▸ Work to complete:
Leave out the pictures and set down the rest of the listing below word for word.

▸ Material provided:
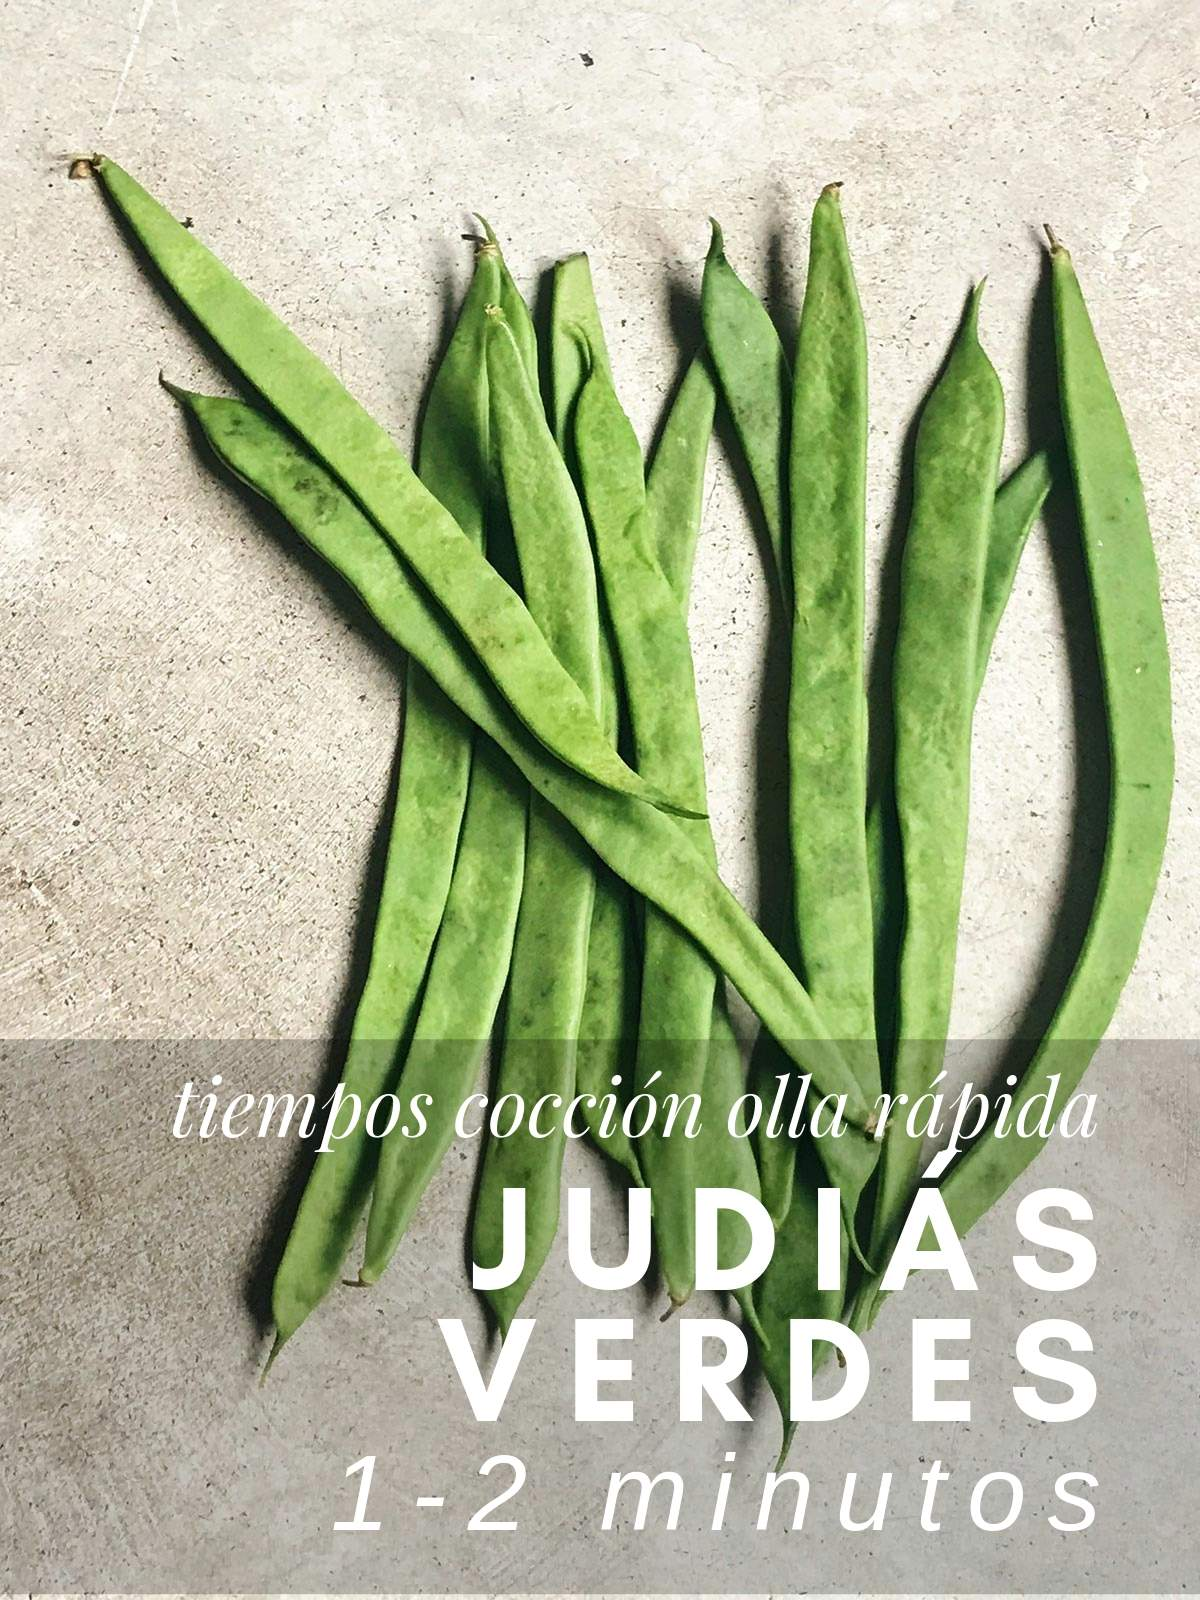 ¿Cuanto tardan las judias verdes en cocer en olla rápida?
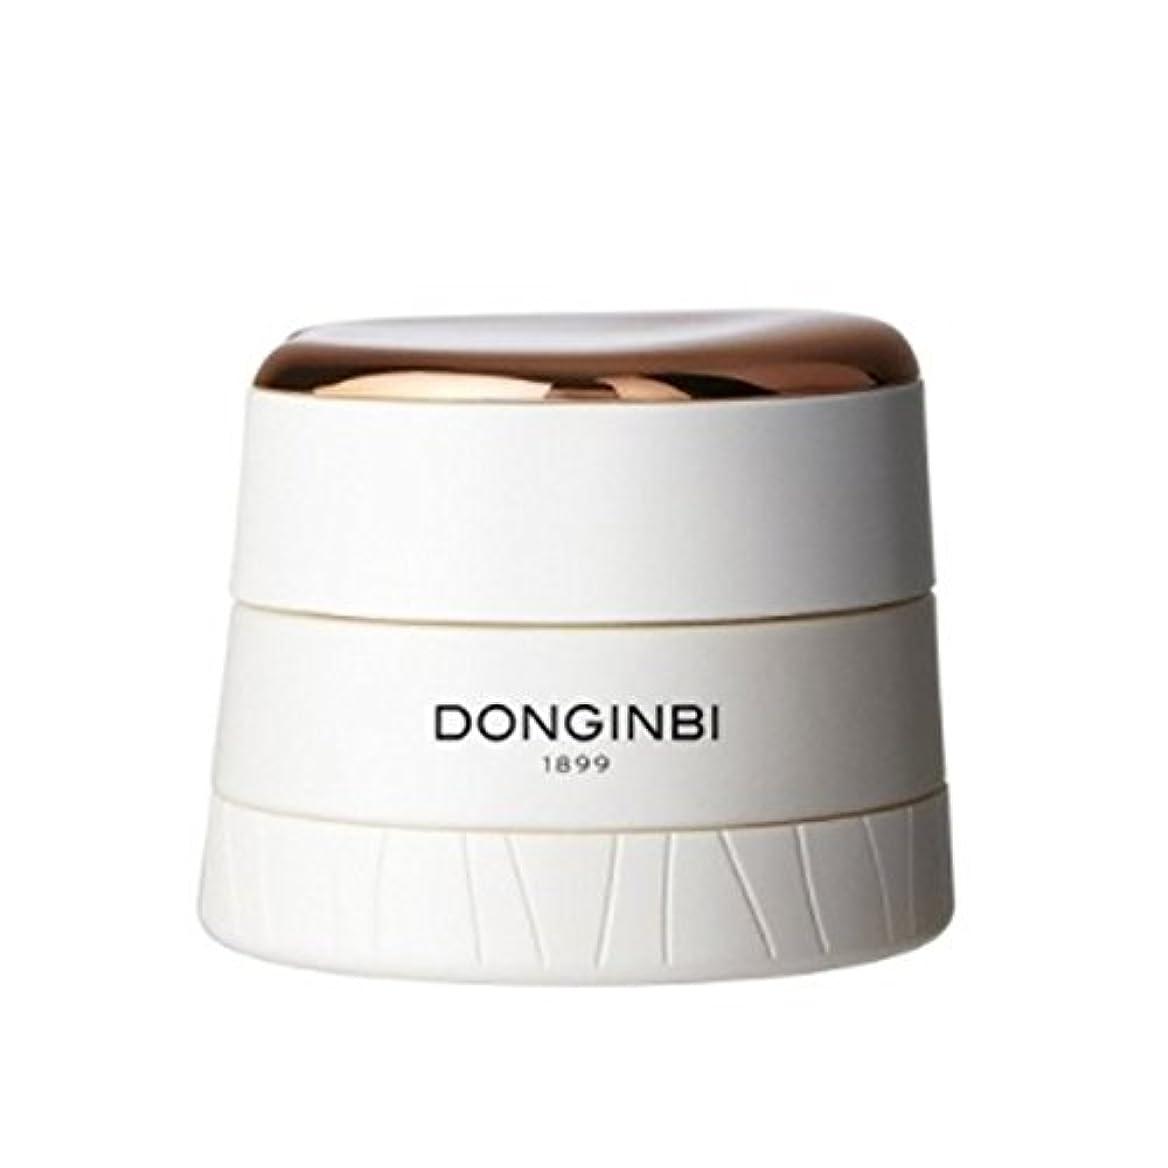 前投薬寺院厳[ドンインビ]DONGINBI ドンインビユン クリーム60ml 海外直送品 cream 60ml [並行輸入品]
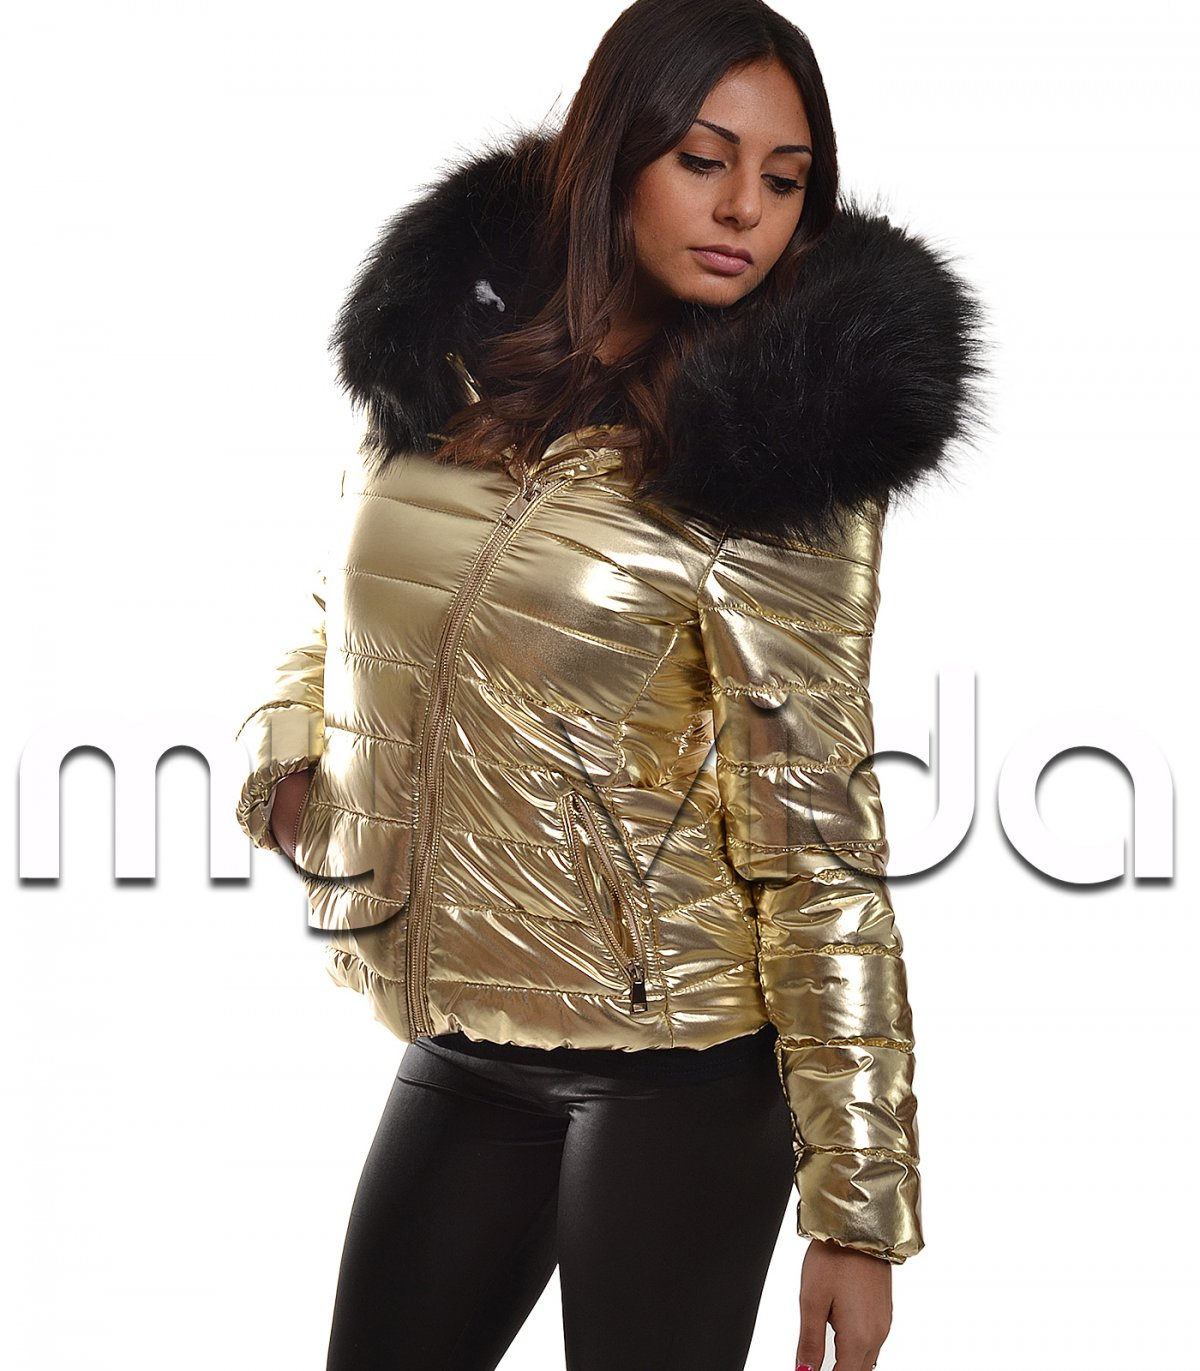 Giacchetto piumino donna cappuccio zip | My Vida

▸ Result of the task:
 ¿Cuanto tardan las judias verdes en cocer en olla rápida?
 前投薬寺院厳[ドンインビ]DONGINBI ドンインビユン クリーム60ml 海外直送品 cream 60ml [並行輸入品]
 Giacchetto piumino donna cappuccio zip | My Vida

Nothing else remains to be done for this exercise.